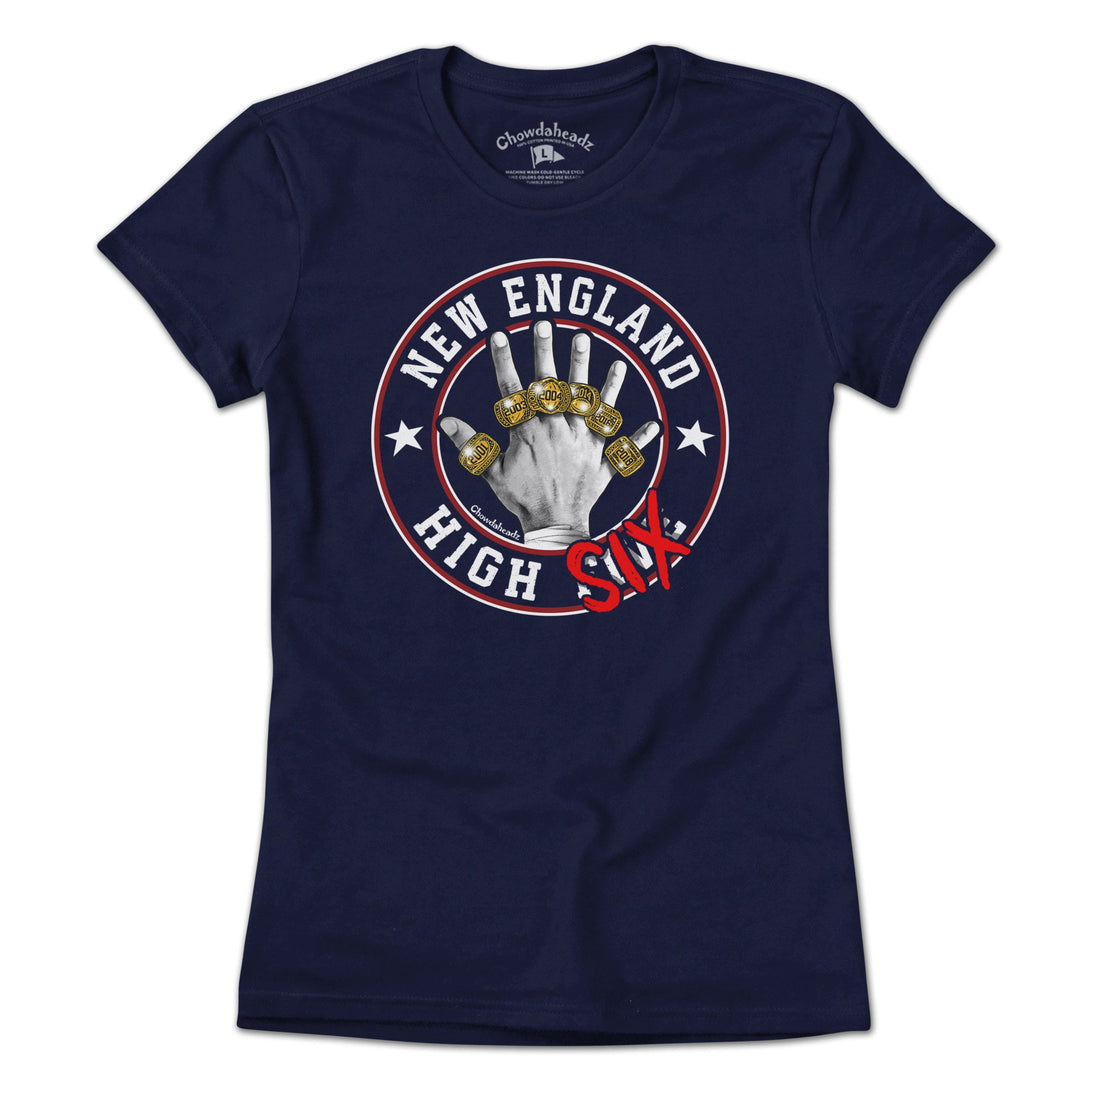 New England High Six T-Shirt - Chowdaheadz
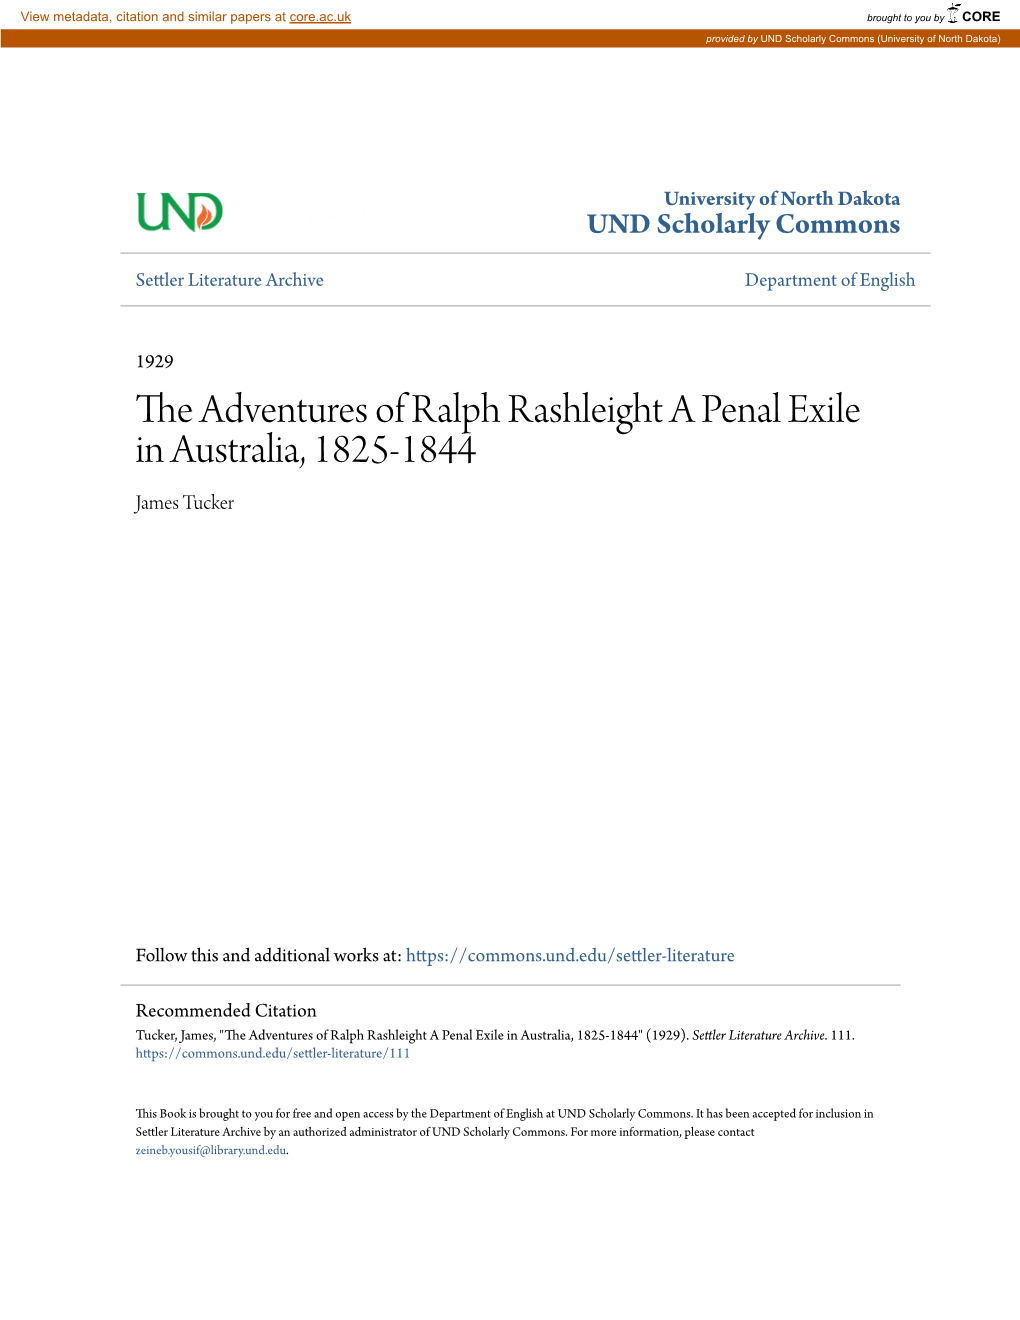 The Adventures of Ralph Rashleight a Penal Exile in Australia, 1825-1844 James Tucker
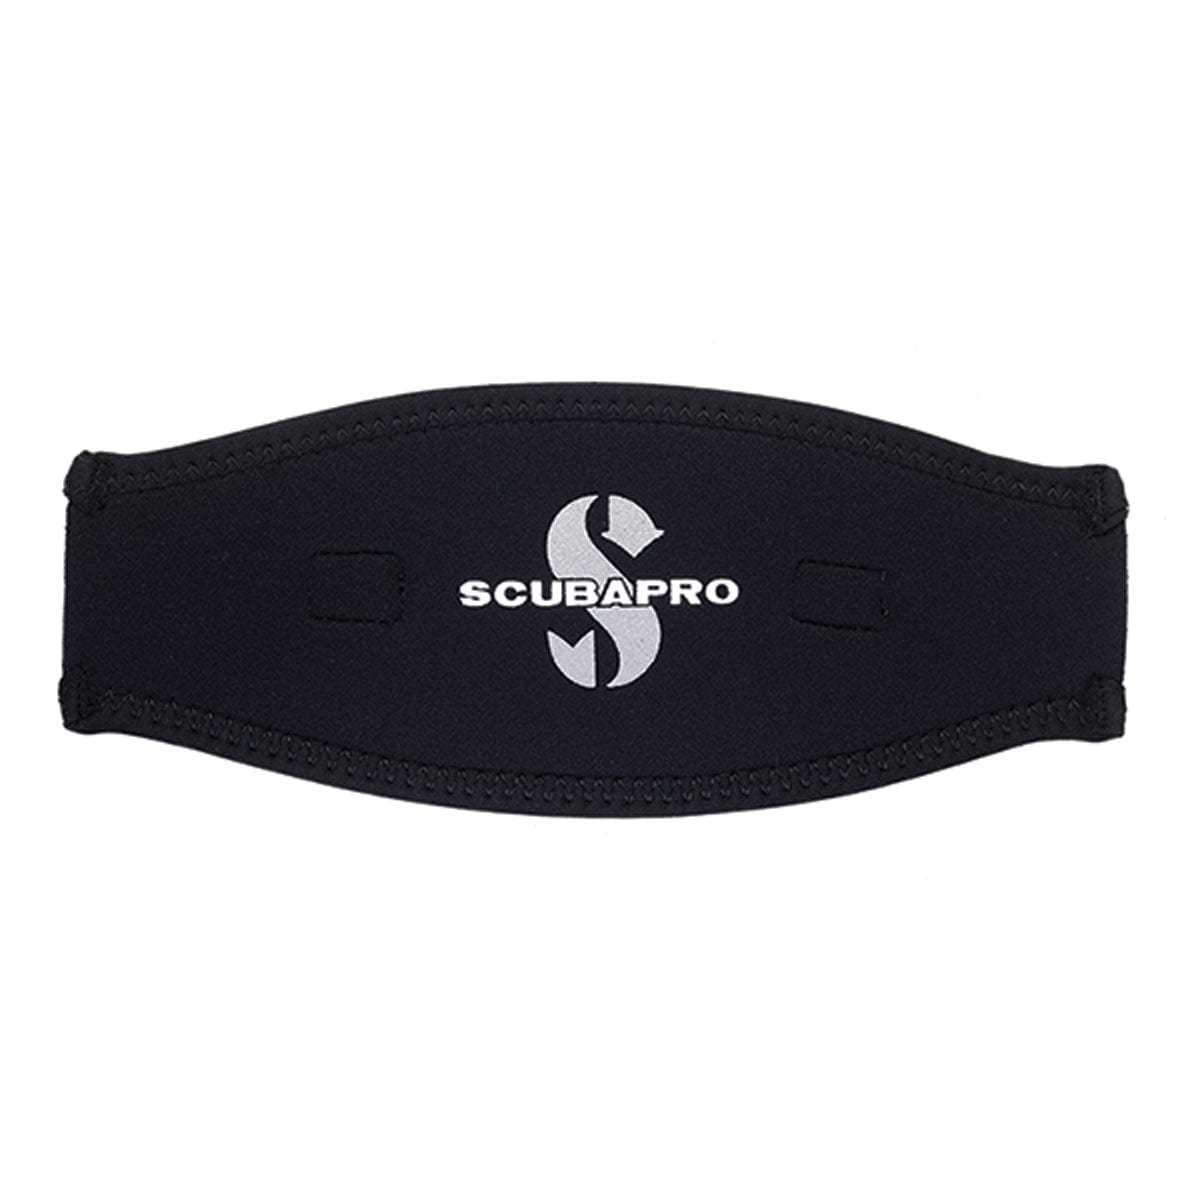 Scubapro Neoprene Mask Strap 2.5MM - Black/Yellow - 18
···
### Task instructions:
Copy the data exactly. Pictures do not belong in the copy.

### Output of the exercise:
 New England High Six T-Shirt - Chowdaheadz
 The Adventures of Ralph Rashleight a Penal Exile in Australia, 1825-1844 James Tucker
 Scubapro Neoprene Mask Strap 2.5MM - Black/Yellow - 18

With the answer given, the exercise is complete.